CBA has rejected claims it broke the law, pointing to an obscure loophole in the Criminal Code and stating that it was “genuinely of the belief” that it was doing the right thing.
Great legal minds are trying to find ways to explain the banks conduct and avoid the worst potential consequences! This from InvestorDaily:
Earlier this month, Colonial First State (CFS) executive general manager Linda Elkins faced the royal commission, where she was questioned about CBA’s handling of the MySuper transition.
From 1 January 2014, employers could only make default contributions to a registrable superannuation entity (RSE) offering a MySuper product.
Counsel assisting Michael Hodge established in his questions to Ms Elkins that CBA had breached the law 15,000 times by receiving default contributions into high-fee-paying accounts after 1 January 2014.
RSEs were also given a deadline of 1 July 2017 to transfer existing accrued default accounts (ADAs) to an approved MySuper product.
Mr Hodge noted that the contravention of s.29WA of the SIS Act is a strict liability offence, a point that was highlighted by CBA in its latest submission to the Hayne inquiry.

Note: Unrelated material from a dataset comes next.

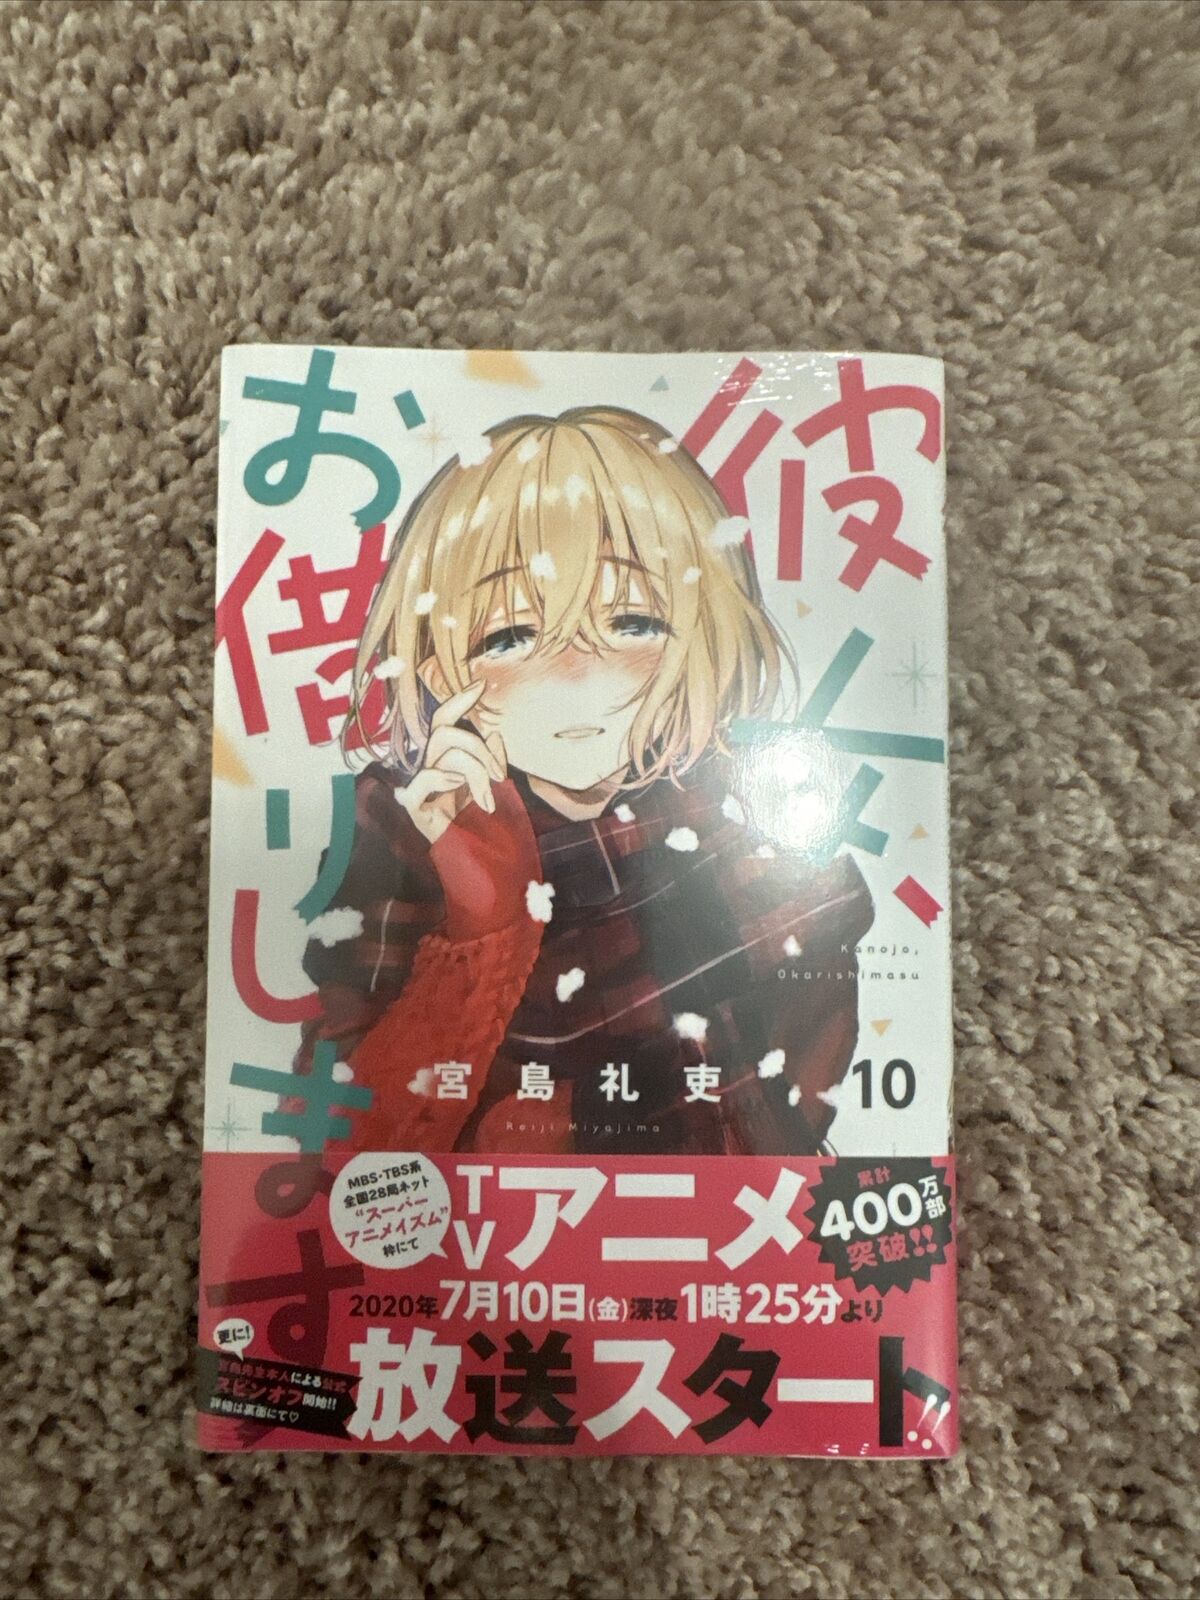 Rent a Girlfriend Kanojo Okarishimasu Manga Vol. 10 (Japanese)

“However, it should be noted that in determining whether or not an offence has actually occurred, consideration would need to be given to the defence of mistake of fact available in section 6.1 of the Criminal Code in respect of strict liability offences,” the bank said.
“This is particularly the case here where CFSIL was genuinely of the belief that the members for whom the s.29WA breach occurred were in fact ‘choice’ members who fell outside the requirements of s.29WA and that it was only after engagement with APRA that it understood that the regulator was of a different view.”

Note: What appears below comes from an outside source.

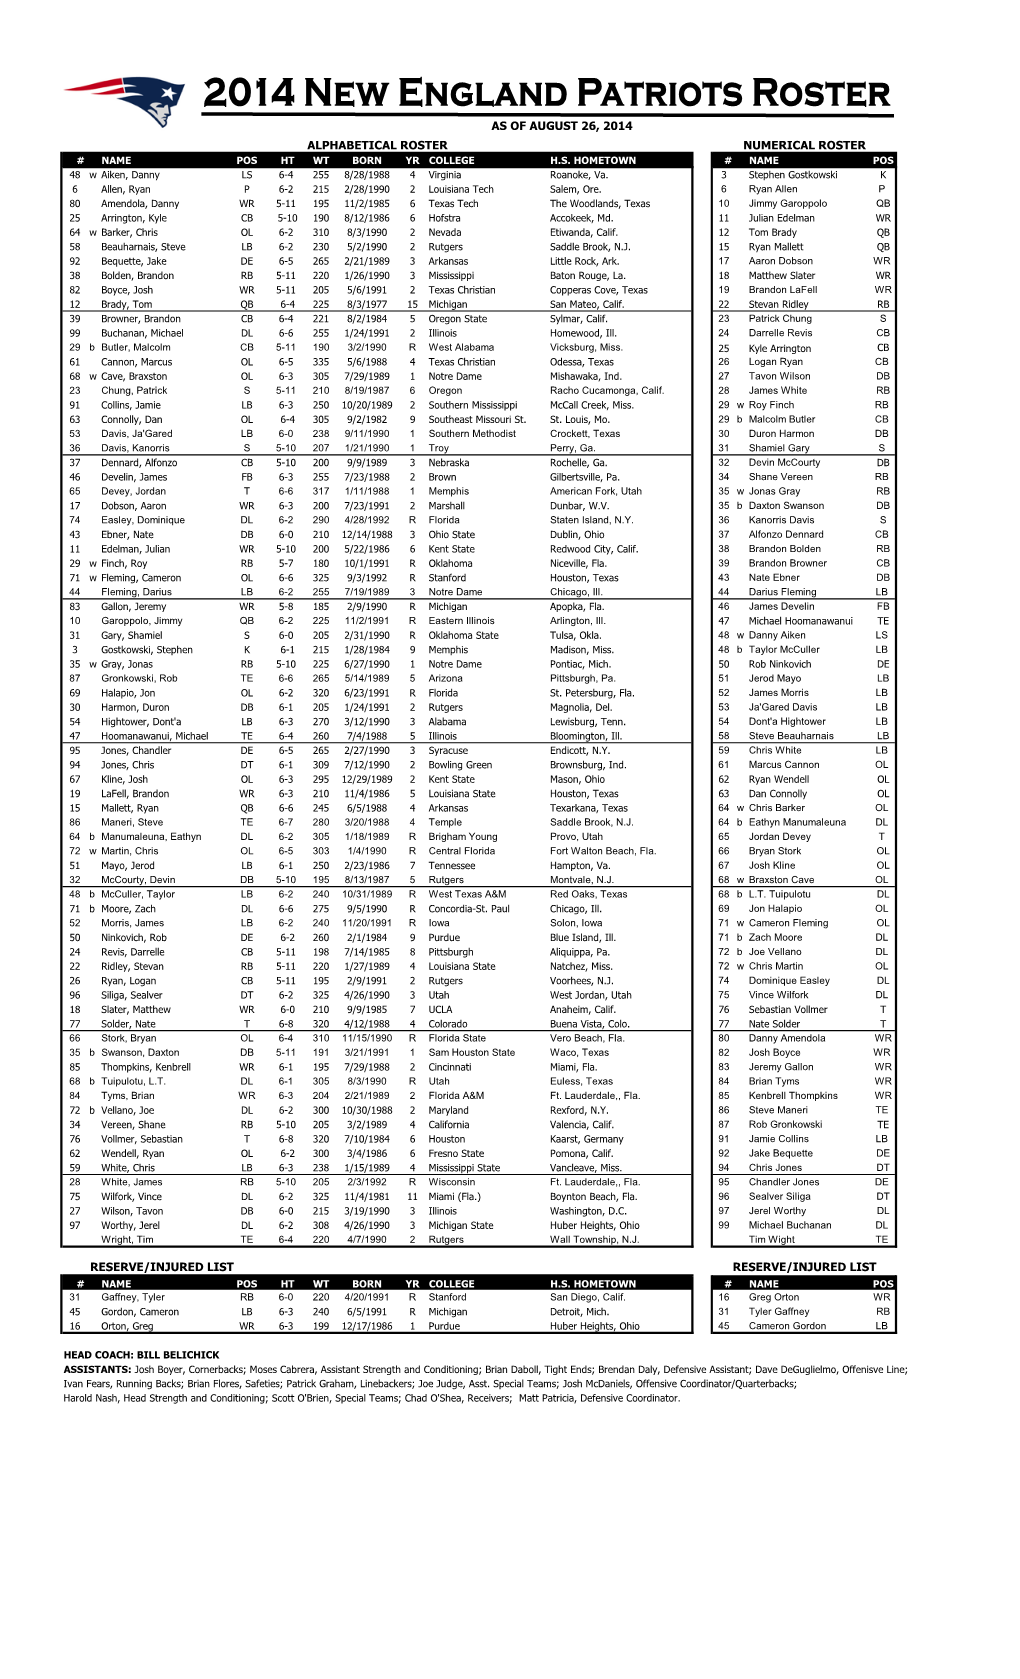 Reserve/Injured List Alphabetical Roster Numerical Roster As of August 26, 2014 Reserve/Injured List

In June 2014, the board of CFS was told by management that APRA had requested it accelerate the transition for 60,000 ADA members, the royal commission heard.
Moving the 60,000 into lower-fee MySuper products would have the effect of turning off grandfathered commissions for advisers, the royal commission heard.
CFS, like other retail super providers, was eager to have ADA clients make an “investment decision” so that they would be considered a ‘choice’ member and therefore ineligible for transfer to a MySuper product.
In Mr Hodge’s submission to the commission following the fifth round of hearings, he stated that it is open to the commission to find that additional breaches occurred.
In response, CBA has stated that “there is no evidence before the commission to suggest that the failure to pay contributions of a subset of FirstChoice Personal members into a MySuper product was anything other than a genuine misunderstanding about the scope of s.29WA and its impact on particular cohorts of members, which CFSIL came to learn APRA did not agree with.”
“CFSIL believed that these members of FirstChoice Personal were choice members, to whom s.29WA did not apply.
“That honest mistake does not excuse CFSIL’s breach of the SIS Act provisions and s.912A(1)(c) of the Corporations Act as it has properly conceded, but it does tell against a finding of a failure to do all things necessary to provide services efficiently, honestly and fairly.”